Kenanga Research & Investment

Sime Darby - 9M15 Misses Expectations

kiasutrader
Publish date: Mon, 25 May 2015, 09:43 AM

Period

3Q15/9M15

Actual vs. Expectations

Sime Darby (SIME)'s 9M15 core net profit* (CNP) of RM1.20b fell short of both consensus (RM2.61b) and our (RM2.59b) estimates at approximately 46% of the full-year forecasts.

This was mainly due to a weaker-than-expected Plantation segment which saw EBIT declining 45% to RM685m on lower CPO prices (-11% to RM2,179/MT) and lower FFB production (-6% to 6.74m MT) due to weather disruptions.

Dividends

No dividend announced, as expected.

Key Results Highlights

YoY, 9M15 CNP dropped 42% to RM1.20b as Plantation segment EBIT slid 45% as outlined above. This was compounded by Industrial segment’s EBIT halving to RM389m as poor demand in the Australasia region persisted. On the positive side, Property segment’s EBIT doubled to RM562m partly due to the sale of its stake in Eastern & Oriental (RM55.5m), Subang Avenue (RM55.2m) and development land in Serenia City (RM64.4m). Meanwhile, Motors segment’s EBIT fell 18% on thinner margins (from 3% to 2%) due to weaker luxury automobile demand in Malaysia and China.

QoQ, 3Q15 CNP slumped 61% to RM193m on soft Plantation EBIT (-63% to RM102m) as poor weather disrupted FFB production (-8% to 2.02m MT). Industrial EBIT deteriorated further (-78% to RM78m) on waning mining demand, while Motors EBIT dropped 40% to RM81m, sharply hit by weak Malaysian demand ahead of GST implementation.

Outlook

Ongoing economic weakness and soft consumer sentiment are likely to depress Industrials and Motors earnings (see additional details overleaf).

Change to Forecasts

FY15-16E earnings slashed 30%-21% to RM1.80b- RM2.30b (see additional details overleaf).

Rating

Maintain MARKET PERFORM (from UNDER REVIEW)

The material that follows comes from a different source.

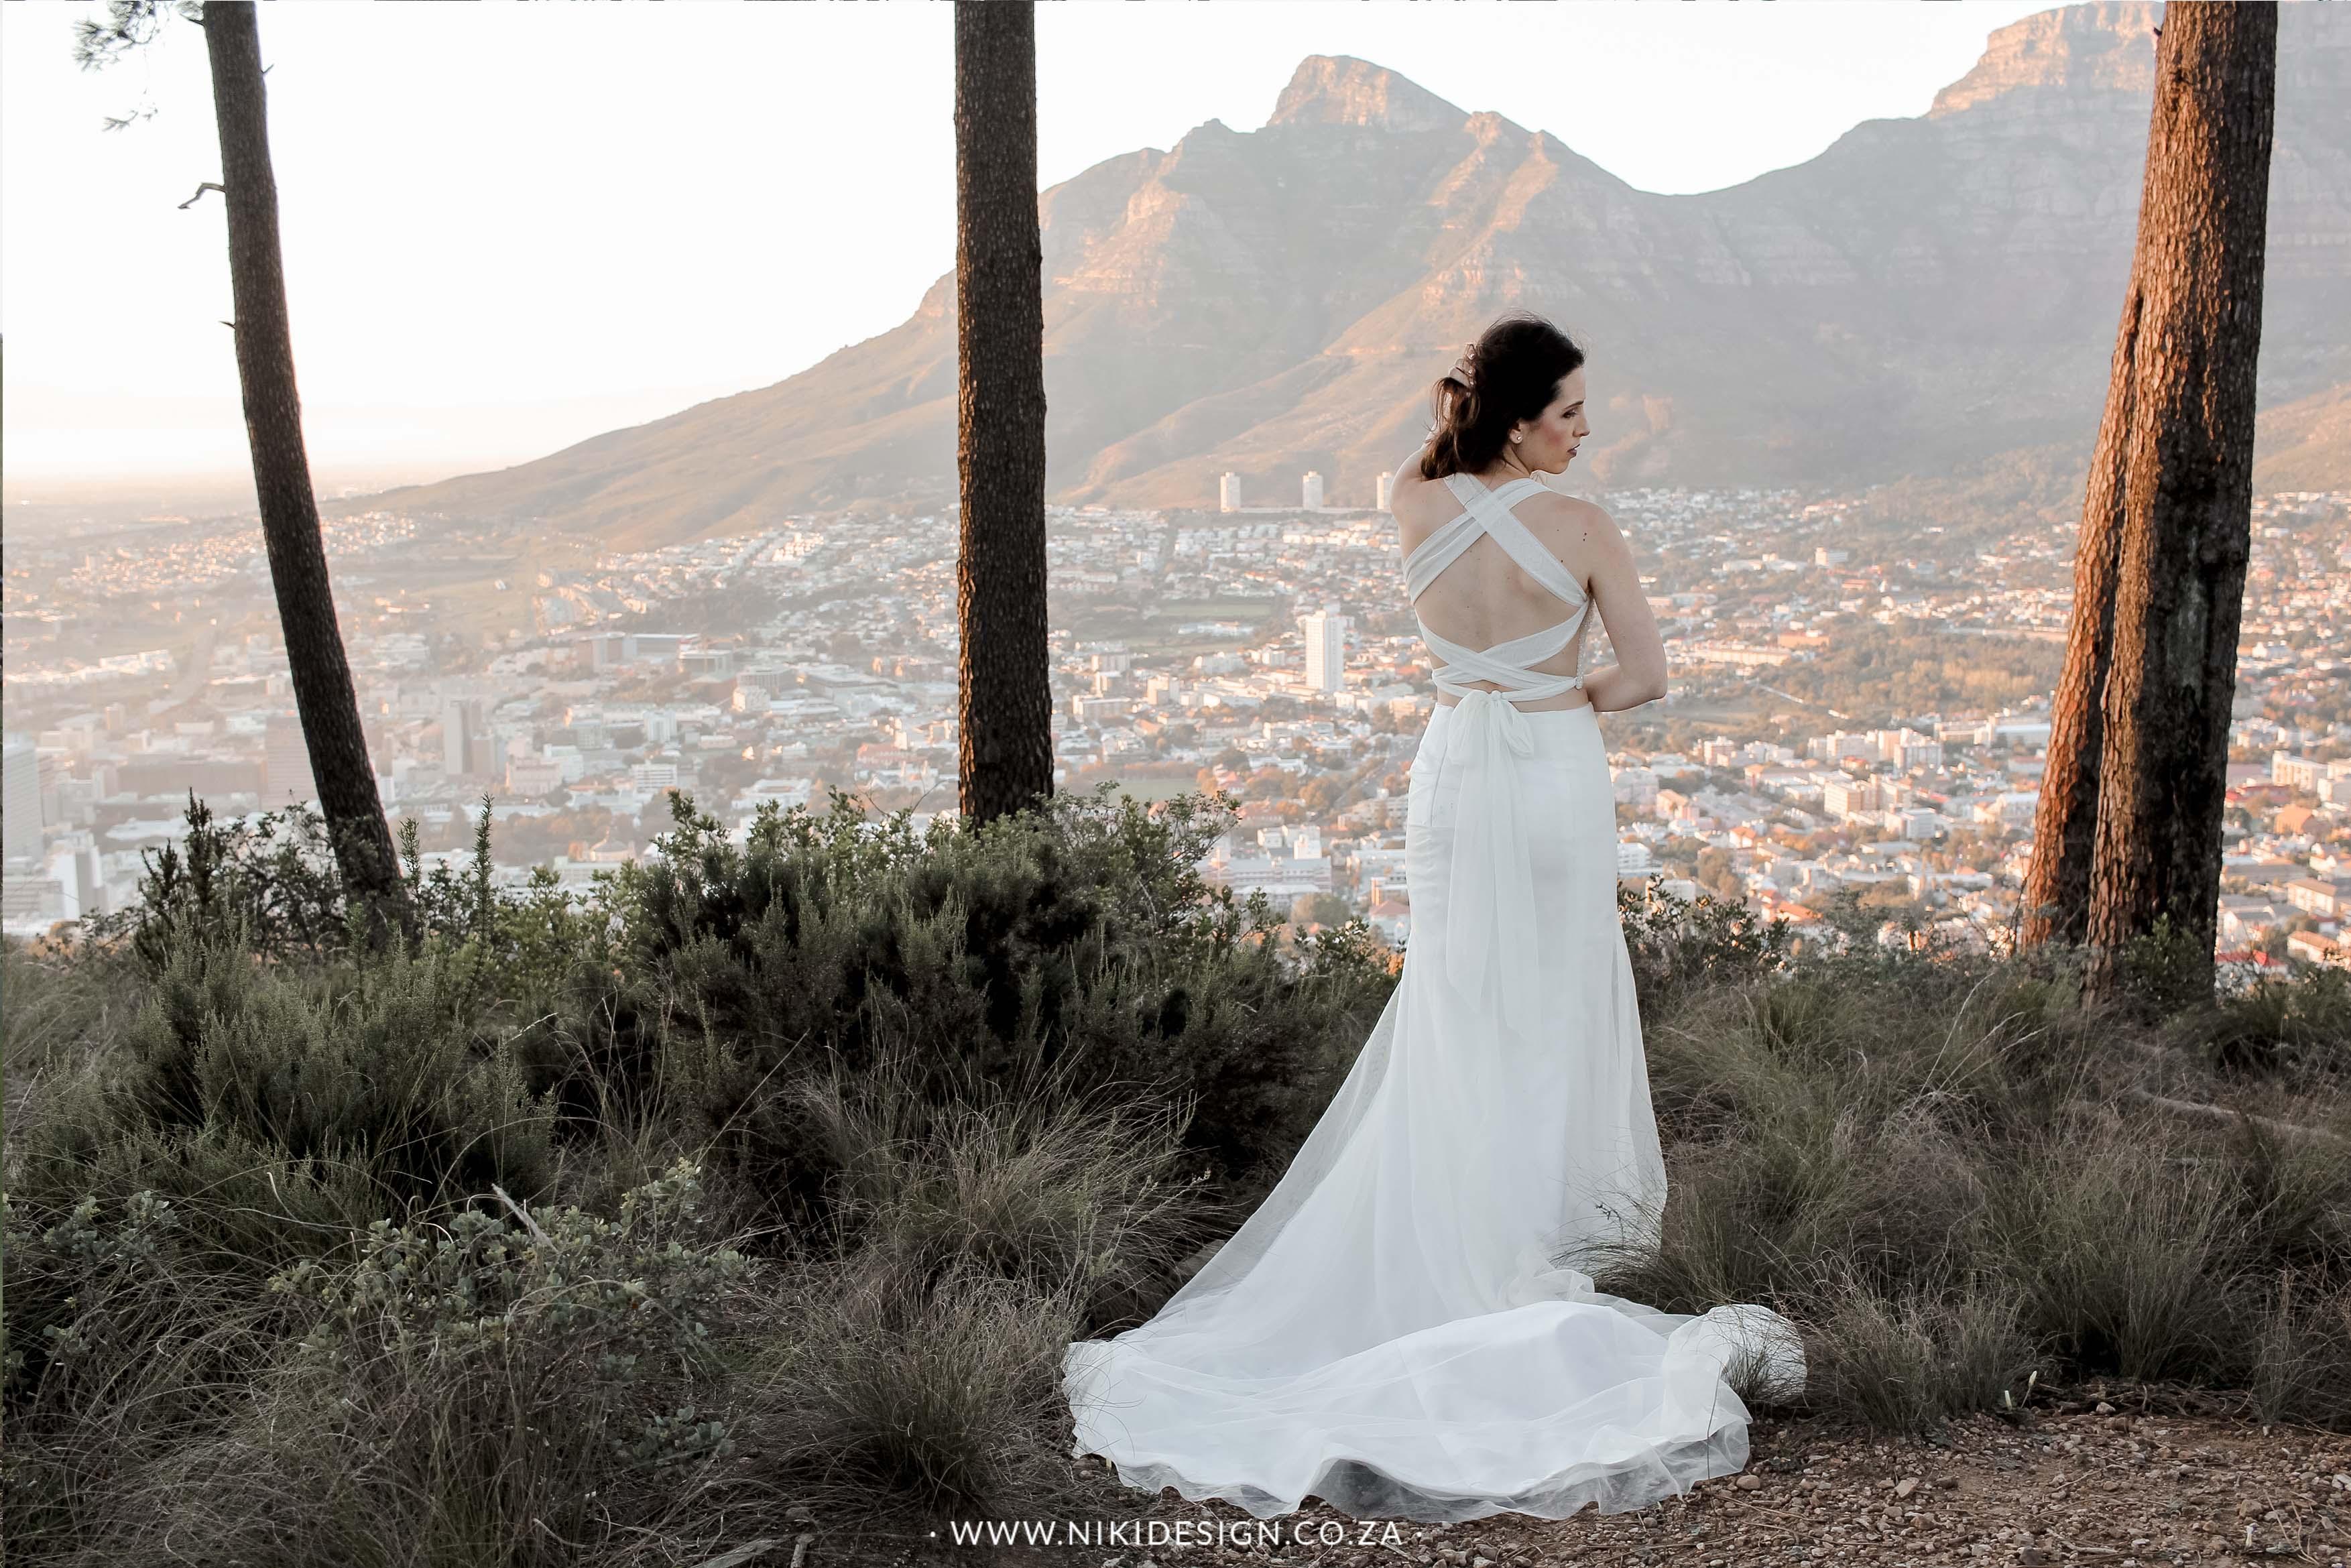 NikiDesign Studio Table Mountain wedding

We restore our MARKET PERFORM call from UNDER REVIEW. While we expect headwinds in SIME’s Industrial division to continue in the mid-term, we think the recent sharp share price correction indicates that the market has priced in much of the negative newsflow on the Motors IPO and soft Industrials segment.

Valuation

We cut our TP to RM8.71* (previous TP was RM9.64 prior to UNDER REVIEW) based on Sum-of-Parts. We roll forward our valuation base year to FY16, but our TP has been reduced because of lower expected earnings in the Plantation, Industrials and Motors segments. At our new TP, we expect a Total Return of 3.6% (Upside: -0.5%, dividend yield: 4.1%).

Our TP implies 21x FY16E core PER which is close to - 0.5SD historical average PER (previously +1.0SD). With the Motors division’s IPO issue finally put to rest, and in light of the soft outlook for most of its major operating segments, we believe the lower valuation basis for SIME is appropriate. Note that for most planters, valuations are pegged to average levels.

Risks to Our Call

Lower-than-expected CPO prices.

Below-expected earnings from non-plantation divisions.